As antibody-drug conjugates (ADCs) continue to emerge as an important therapeutic modality for the treatment of cancer, there is an increased effort to elucidate critical design parameters and devise improved linker technologies. The impact of drug-to-antibody ratio (DAR) on conjugate plasma pharmacokinetics (PK) is known to be an important attribute, and accelerated clearance induced by high levels of drug loading has served as a barrier to translating increased in vitro potency to in vivo xenografts. We have recently demonstrated that the incorporation of a discrete PEG24 unit into an auristatin drug-linker can greatly diminish the impact of drug loading on ADC PK. In an effort to optimize the antibody-mediated delivery of monomethylauristatin E (MMAE) as a homogeneous DAR 8 conjugate, we prepared a series of MMAE linkers using PEG units of varying lengths to identify constructs that preserve antibody PK properties and provide enhanced in vivo activity.
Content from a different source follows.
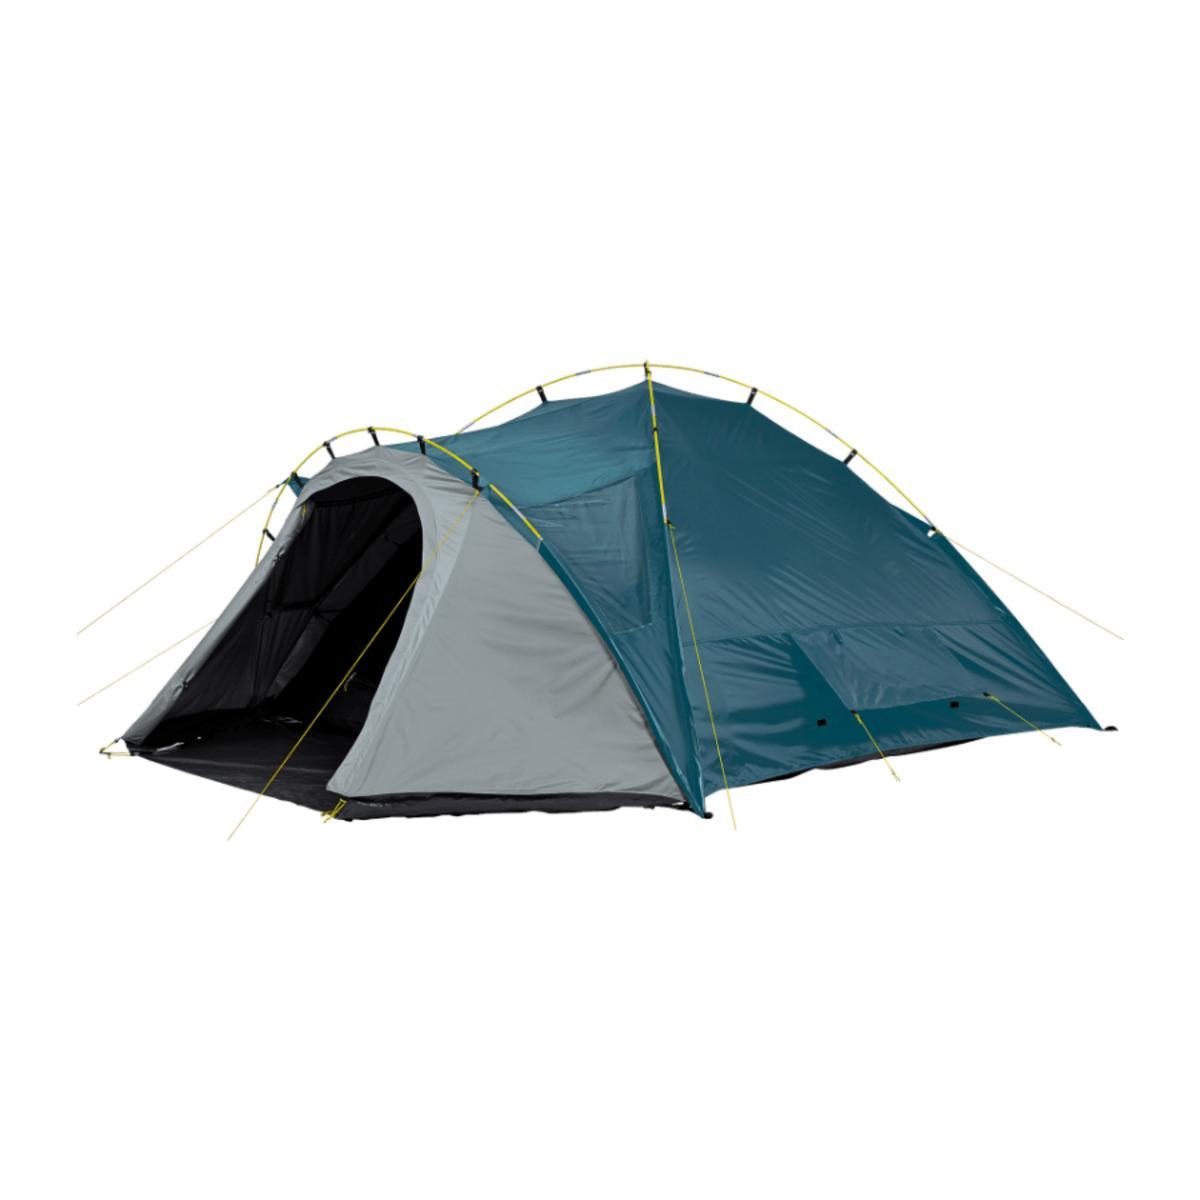 Bild 5 von FUN CAMP     Iglu-Doppeldach-Zelt

The extent of PEGylation and linker chemistry was found to impact conjugate PK properties, biodistribution, antitumor activity, and tolerability. From that effort, a cleavable MMAE linker incorporating the glucuronide-based trigger, a self-stabilizing maleimide, and 12 PEG units emerged as the optimal design. ADCs prepared with this linker have now undergone further preclinical characterization in activity and toxicology models in which they have demonstrated an increase in therapeutic index relative to other MMAE-based ADCs. Citation Format: Patrick J. Burke, Joseph Z. Hamilton, Scott C. Jeffrey, Joshua H. Hunter, Julia H. Cochran, Nagendra Chemuturi, Martha E. Anderson, Peter D. Senter, Robert P. Lyon. Optimal PEGylation of an auristatin linker provides ADCs with improved pharmacological properties. [abstract]. In: Proceedings of the 107th Annual Meeting of the American Association for Cancer Research; 2016 Apr 16-20; New Orleans, LA. Philadelphia (PA): AACR; Cancer Res 2016;76(14 Suppl):Abstract nr 2956.